What you need to do: What's needed is the listing below, repeated word for word with no pictures.

Supplied information:
● ● ●

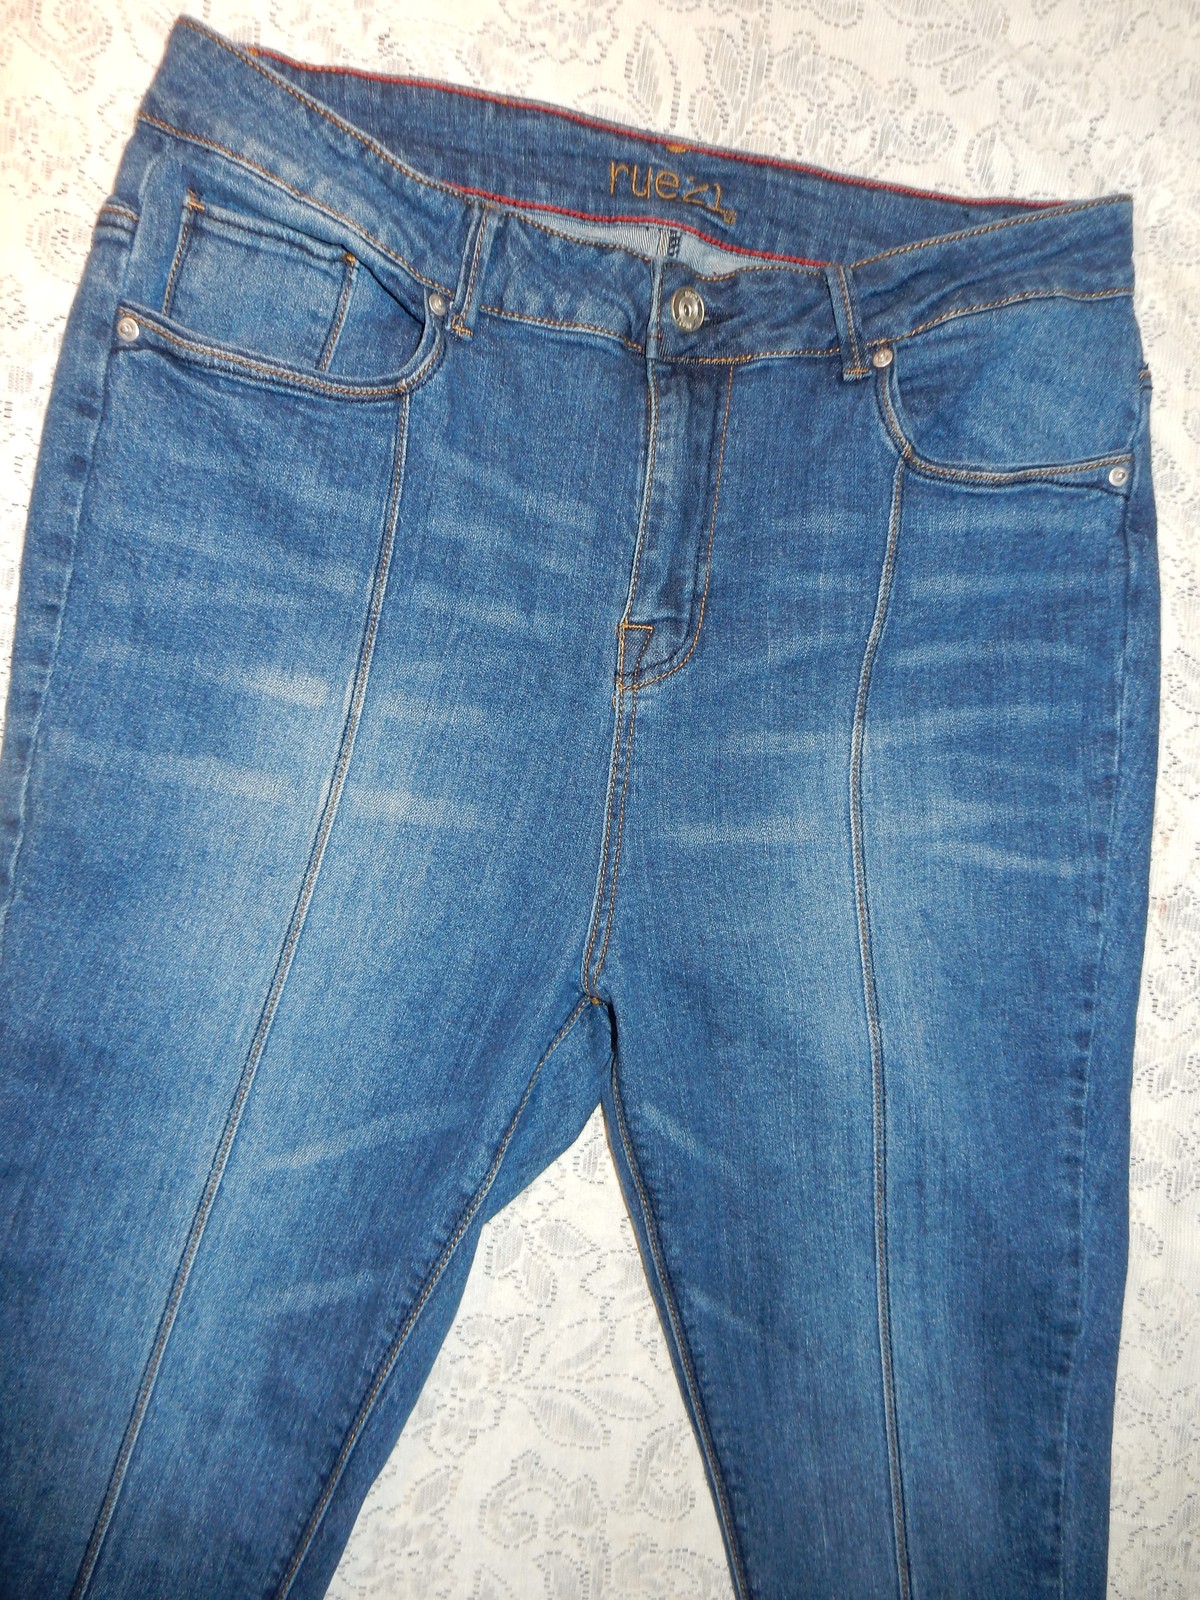 jeans/ jegging rue 21 - Jeans
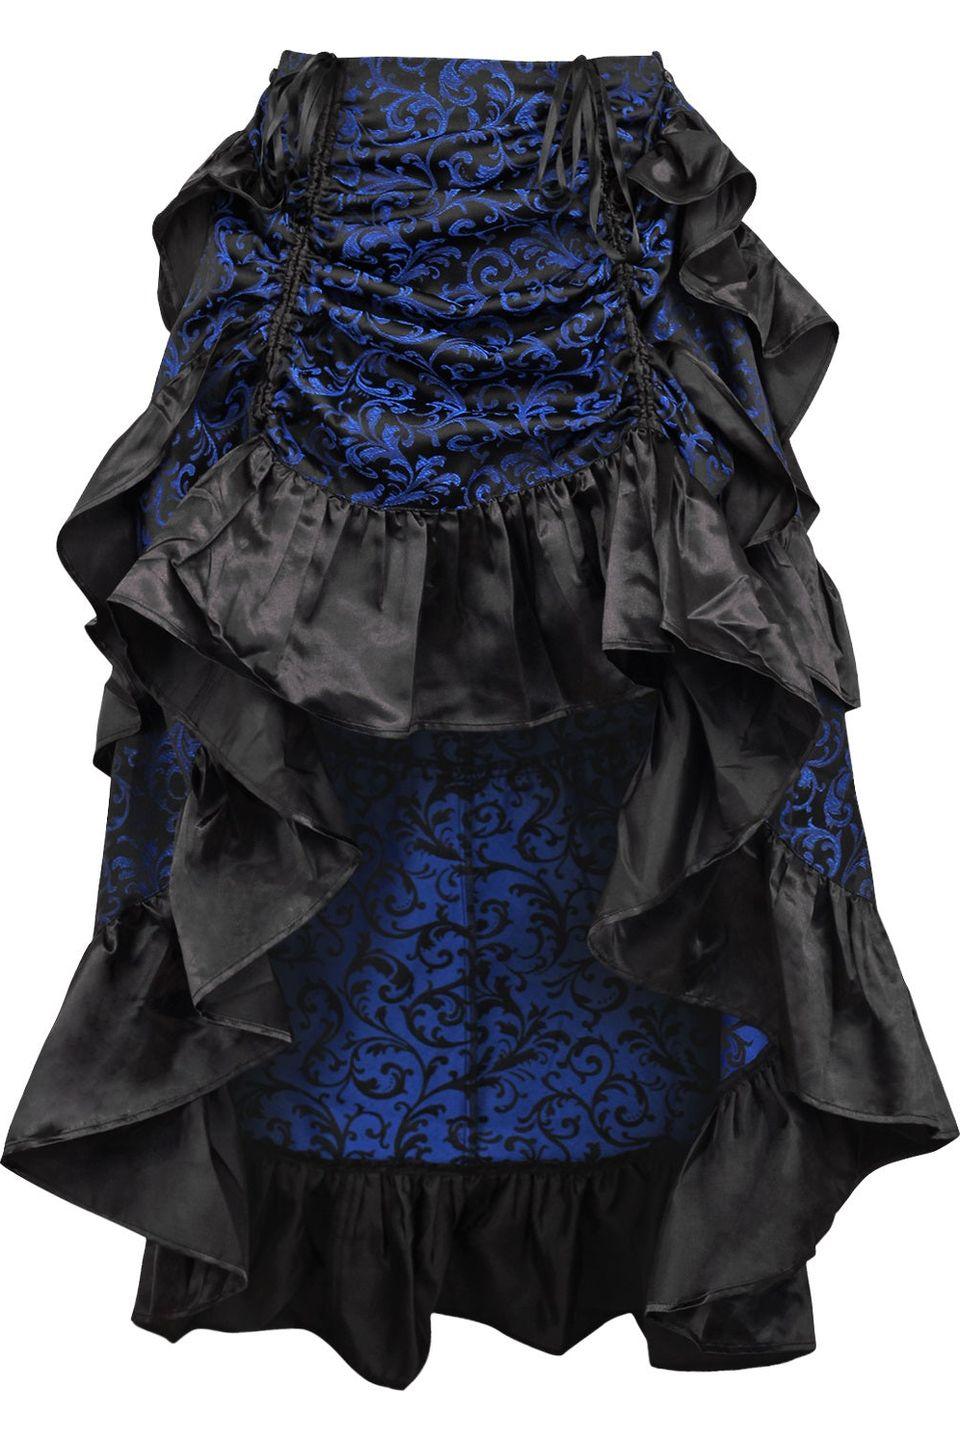 Blue/Black Brocade Adjustable High Low Bustle Skirt - AMIClubwear
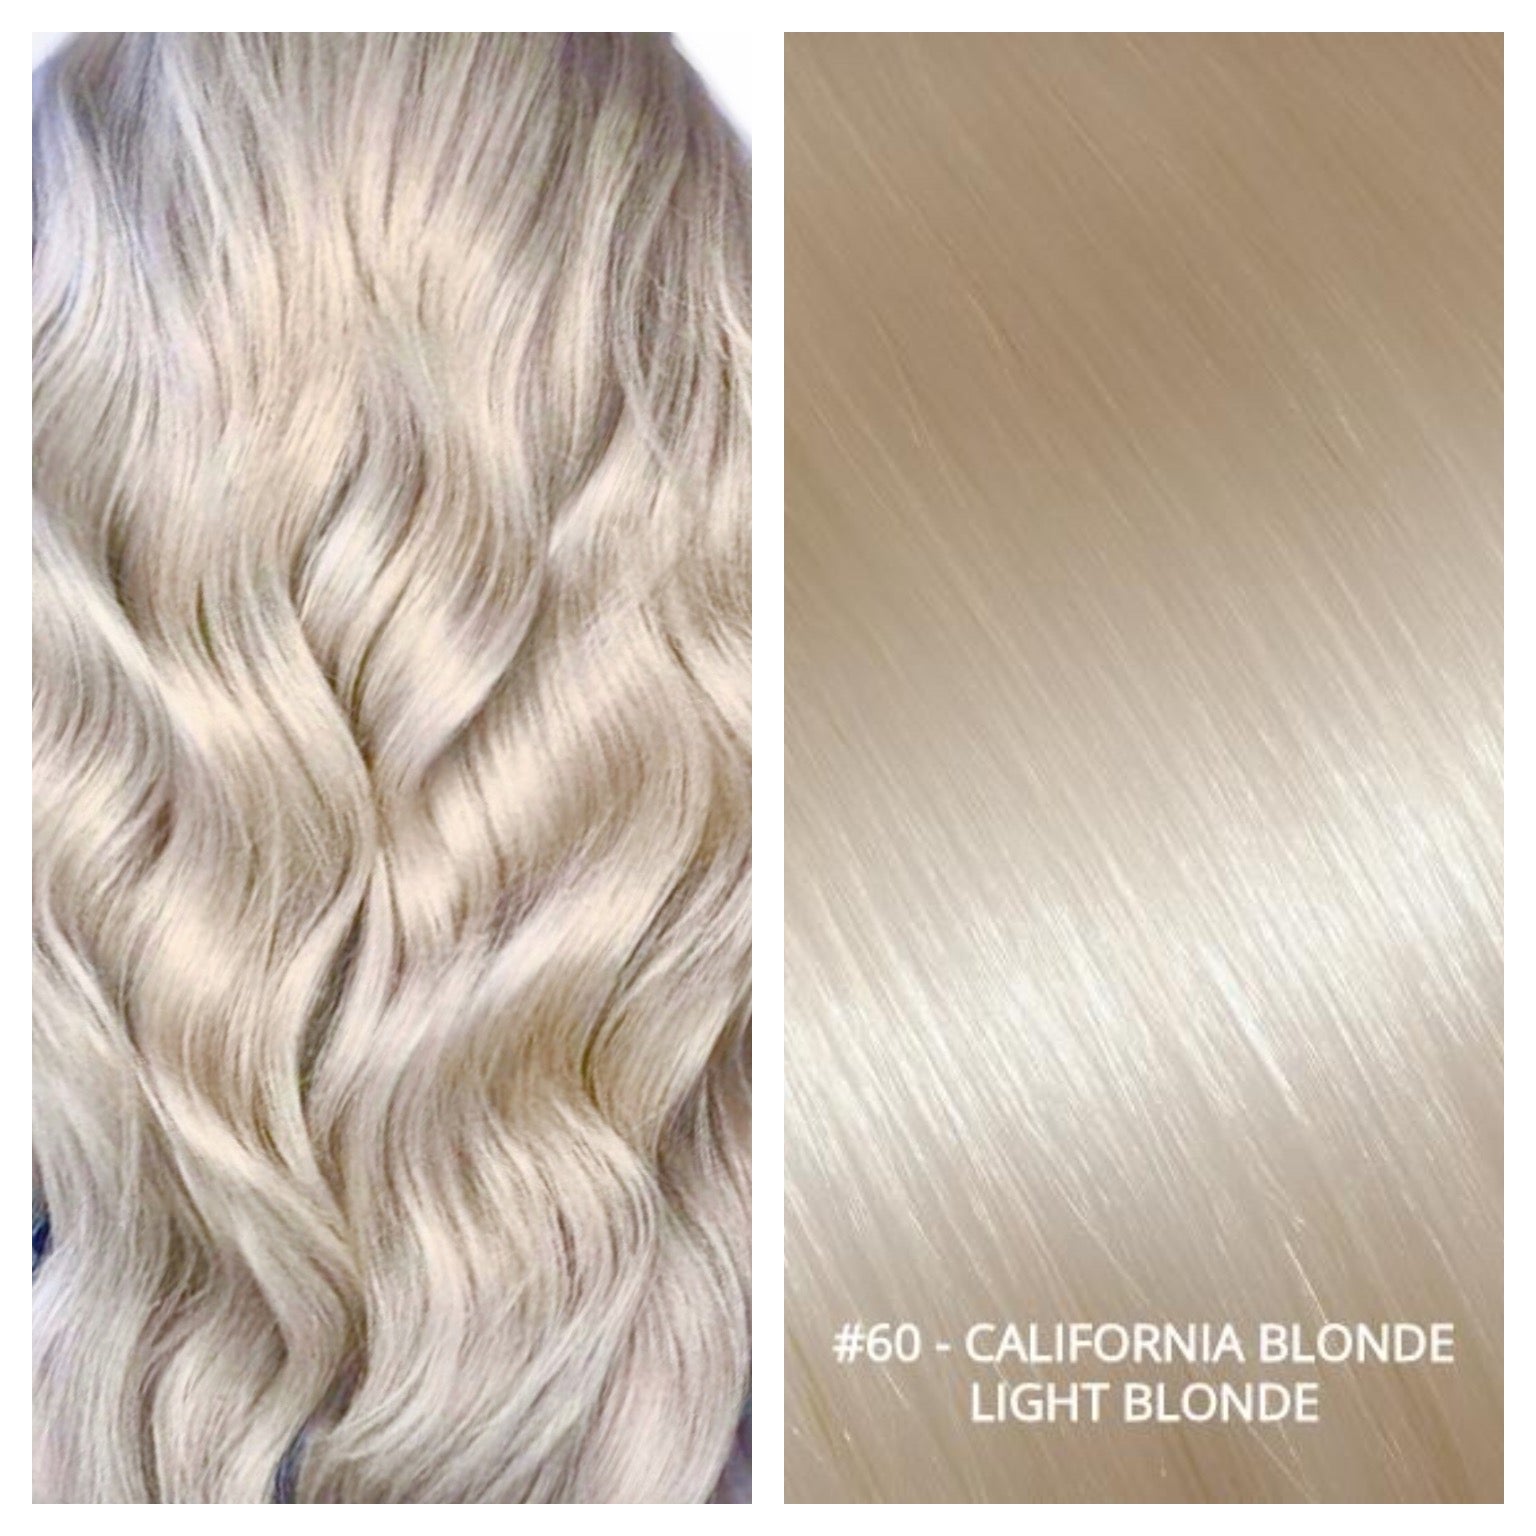 Russian weft weave hair extensions #60 - CALIFORNIA BLONDE - LIGHT BLONDE

● ● ●

Task answer:
 jeans/ jegging rue 21 - Jeans
 Blue/Black Brocade Adjustable High Low Bustle Skirt - AMIClubwear
 Russian weft weave hair extensions #60 - CALIFORNIA BLONDE - LIGHT BLONDE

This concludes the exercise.